August 15, 2018 at 09:47 am - Permalink

I was referring to the macro GUI for bivariate histogram 2. I guess less about losing data, I'm just not sure what the data conversion is and I would prefer to keep the event-mode data as is.

August 15, 2018 at 10:23 am - Permalink

j s s wrote:

  • I updated the code with better comments so I hope the loops make more sense.  

OK I think I understand. However, now the code doesn't work because you will shoot through i and end with your two variables set at the last (N-1) row value and then only assign one cell in your matrix. If you put the line back in the loop, the line should read:

wave2D[PSDindex][ToFIndex] += 1

If you want the rest of the values to = 0 you can do

Make/N=(850,850)/O wave2D=0

When you make the wave.

Just to reiterate my two cents on this, the other three code options for this task are solid.

August 15, 2018 at 10:38 am - Permalink

Edited my code to move that statement into the for loop, but i'm still getting a blank 2D wave. 

I've tried using jointhistogram snippets and the bivariate histogram code but I still return with either an empty wave or a wave that doesn't make sense, so I'm trying to control as much of the code as I can.  I think my ranges might be affecting the build of the 2D wave.

Thanks for all the help.

August 15, 2018 at 11:44 am - Permalink

j s s wrote:

I've tried using jointhistogram snippets and the bivariate histogram code but I still return with either an empty wave or a wave that doesn't make sense

Well, now I'm curious about it. Could you attach an Igor experiment file with two waves from which you want to get a bivariate histogram?

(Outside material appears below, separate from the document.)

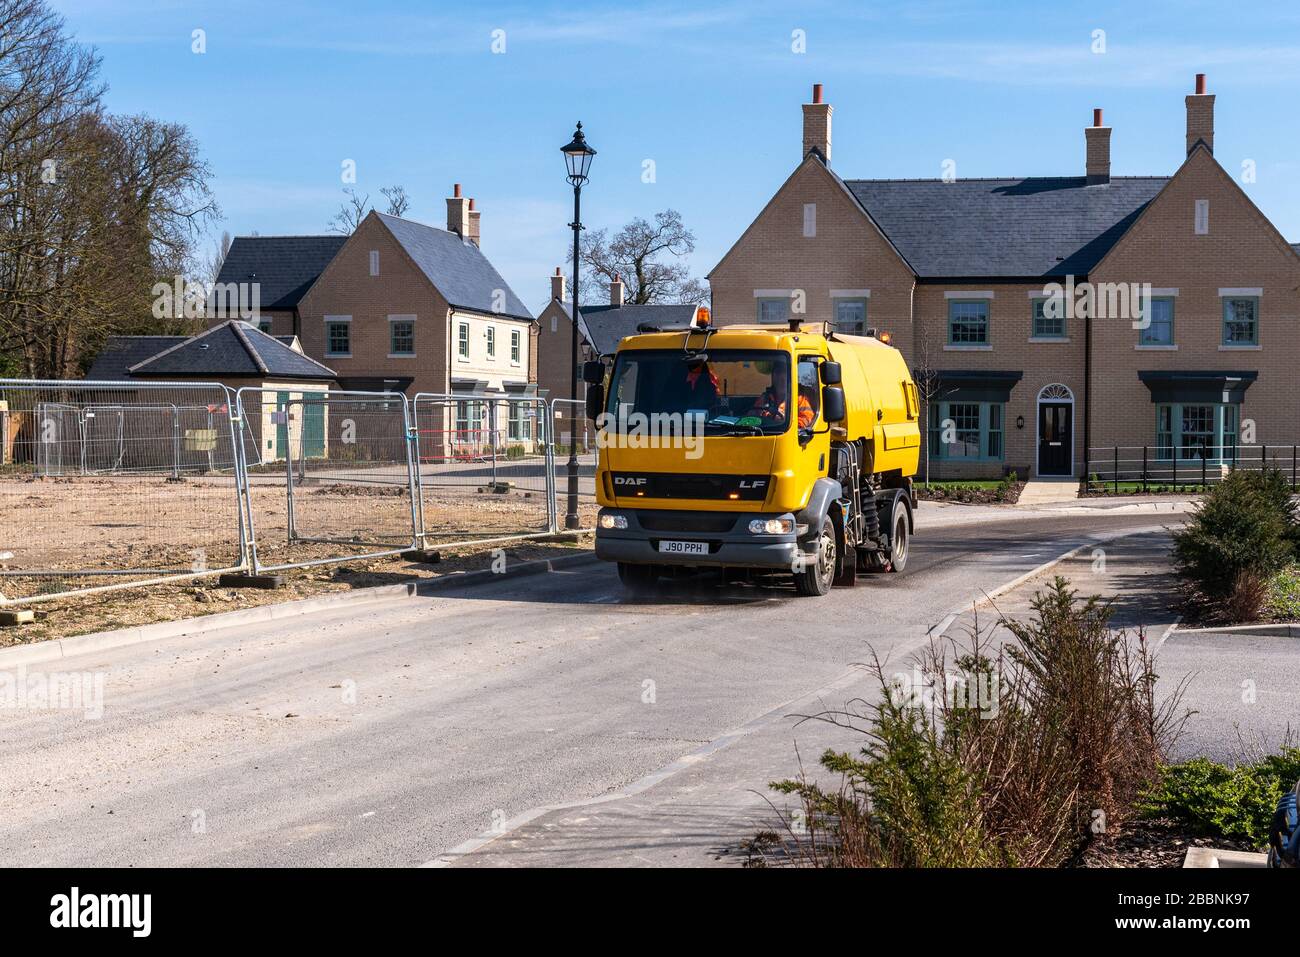 Bauarbeiter bauen während der Sperrung des Covid-19 UK an der neuen Wohnentwicklung, die am ehemaligen Standort Brampton, Brampton Park, errichtet wird, weiter Häuser. Brampton, Cambridgeshire, Großbritannien. Stockfoto

August 15, 2018 at 01:39 pm - Permalink

No worries - you could post a pxp with the two waves and your function. I'm just suggesting code improvements without helping you get to a solution. You might get more help from the forum if you post an example.

I see a problem with your if statement which means you'll get a blank 2D wave. That condition cannot be satisfied

if ((220 < ToFIndex) && (ToFIndex < 800) && (799 < PSDIndex) && (PSDIndex < 800))

There are no integers greater than 799 and less than 800. So your assignment will never run. You can test that by enabling the debugger and creating a breakpoint (red circle in the margin of procedure window) at your assignment line. If the debugger doesn't kick in, you know that the condition of the if statement has not been met.

August 15, 2018 at 01:48 pm - Permalink

This is a common problem in Igor... Your wave Ltyp11 is a 2D wave with dimensions of 312501 x 1. Without any loss of data you can redimension it to have zero columns: 

Redimension/N=-1 Ltyp11

and now you can select it in the GUI for Bivariate Histogram 2.

August 16, 2018 at 10:18 am - Permalink